Robots and the META element
[w3.org...]

The list of terms in the content is ALL, INDEX, NOFOLLOW, NOINDEX. Note. In early 1997 only a few robots implement this, but this is expected to change as more public attention is given to controlling indexing robots.

Take the above and then read this page at Google...

Prevent or remove cached pages
[google.com...]

To prevent all search engines from showing a "Cached" link for your site, place this tag in the <HEAD> section of your page:
<META NAME="ROBOTS" CONTENT="NOARCHIVE">

Now that I've tested this and have been bitten once, I guess I need to utilize two robots metadata elements to achieve the desired goal. I just don't understand why I should have to do that. I feel that I listed the elements in their proper order, or maybe I didn't. Maybe noarchive should be first in the comma separated list of values?

It's fine.

I thought so too. Apparently it is not. :(

Better avoid having extra tag though: </meta>, if you want XML validation you can do:

Actually the </meta> validates XHTML. It is an option to the /> closing element. I've been slowly switching over to the /> method as time permits. Both validate just fine. The /> closing element presented some challenges back in the beginning so I chose the optional </meta> element.

I guess moving forward I'll have to do this...
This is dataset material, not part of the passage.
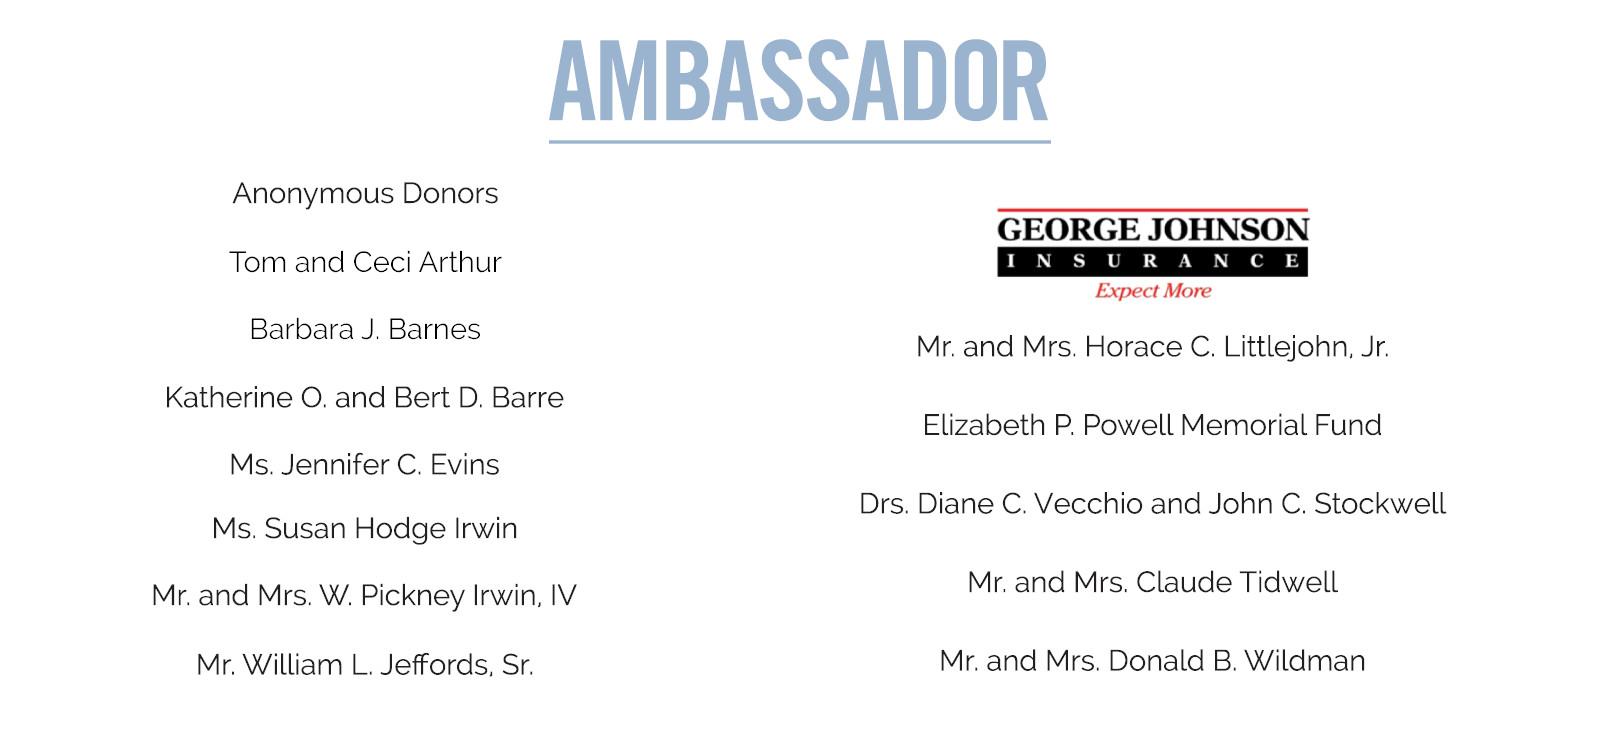 Ambassador Sponsorship

<meta name="robots" content="noindex, nofollow" />

<meta name="robots" content="noarchive" />

You're probably wondering why I even have the noarchive there with the noindex, nofollow? It's more of a fail safe to keep the page from being cached in case something goes wrong. Heh! It worked in this instance. I have a top ten position for a product name that I was attempting to avoid. ;)

I'm going to give it another 48-72 hours before breaking them into two. I'd like to see some more input on this. I would think that one element is all that is needed.

Key_Master

3:14 am on Aug 17, 2008 (gmt 0)

There shouldn't be a need for a noarchive directive along with a noindex directive. If the page isn't indexed, it shouldn't be listed in the serps at all.

In fact, I wouldn't even think of noarchive as a robots.txt directive. It's just a legal umbrella used by certain search engines to offer them some protections from lawsuits over copyright violations. Consider it as an option for pages you do want indexed.

Samizdata

3:59 am on Aug 17, 2008 (gmt 0)

I would think that one element is all that is needed

Ideally that would be robots="none" wouldn't it?

Unfortunately the search engines all seem to do things differently.

Agreeing that "noindex" means what it says would be a start.

But they hate taking no for an answer.

...